◆ What the exercise asks ◆
Take the entries that follow and return exactly the lines from the one holding "puma duffle bag pink" through the one holding "80-0543, 1980 General", both included. Nothing else is needed.

◆ Information ◆
——
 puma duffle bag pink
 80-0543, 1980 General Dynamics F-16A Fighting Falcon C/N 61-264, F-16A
——
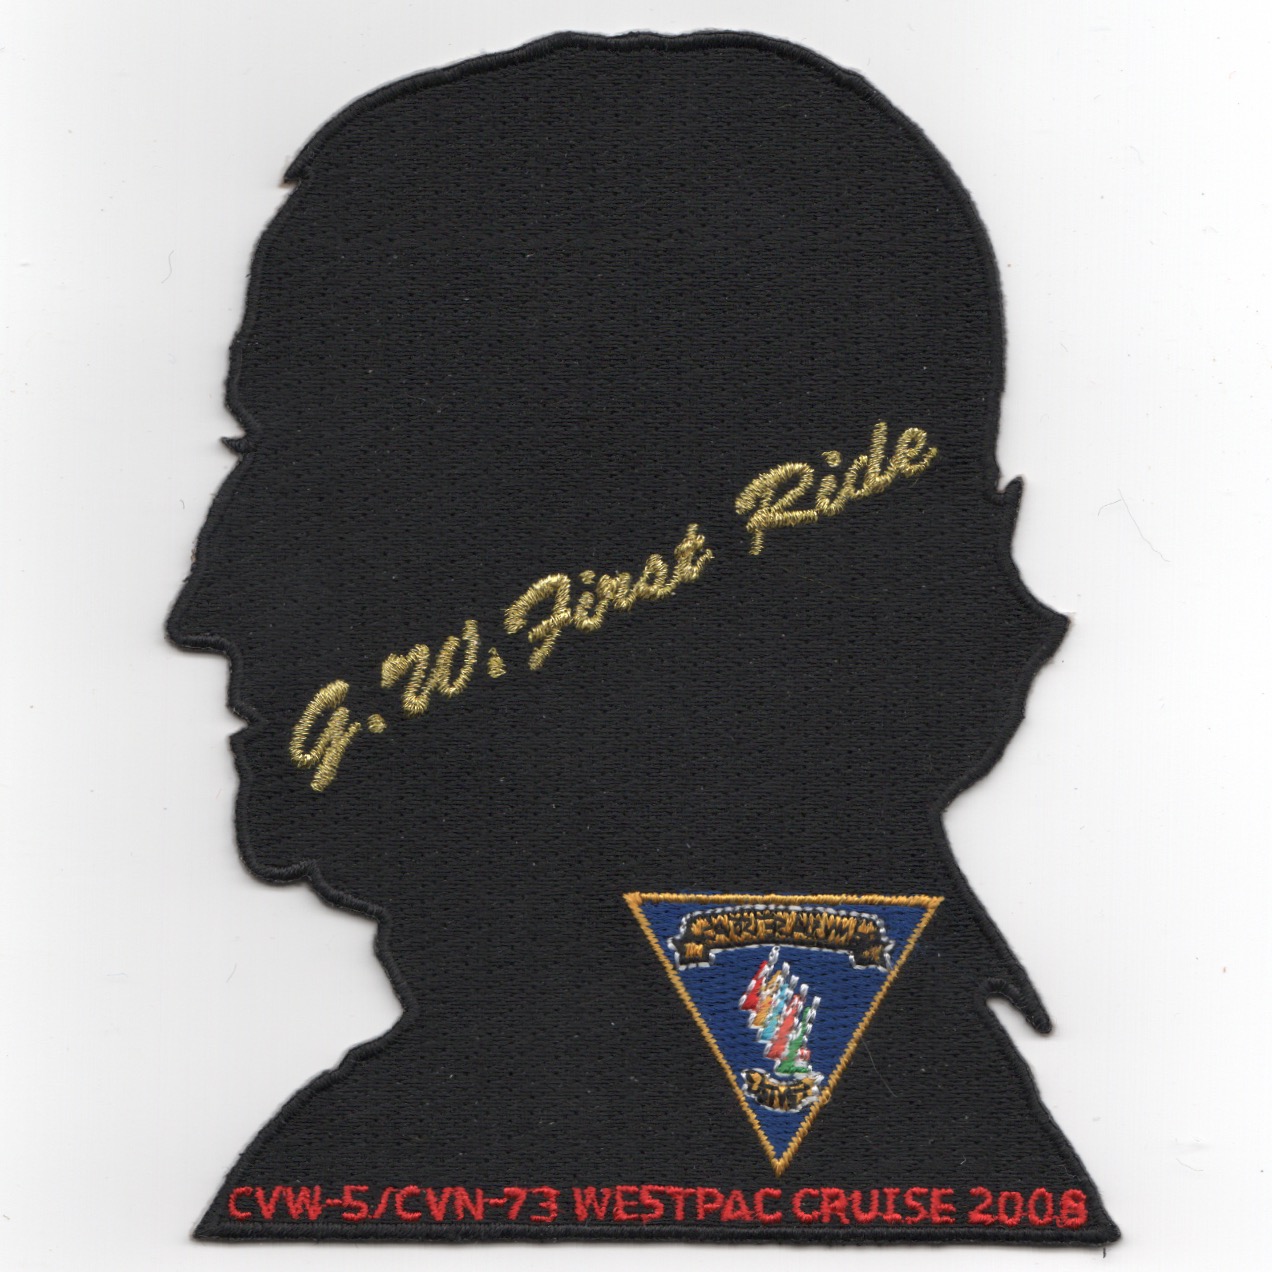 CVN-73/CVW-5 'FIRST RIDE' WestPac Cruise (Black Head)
——
◆ Answer for the task ◆
 puma duffle bag pink
 80-0543, 1980 General Dynamics F-16A Fighting Falcon C/N 61-264, F-16A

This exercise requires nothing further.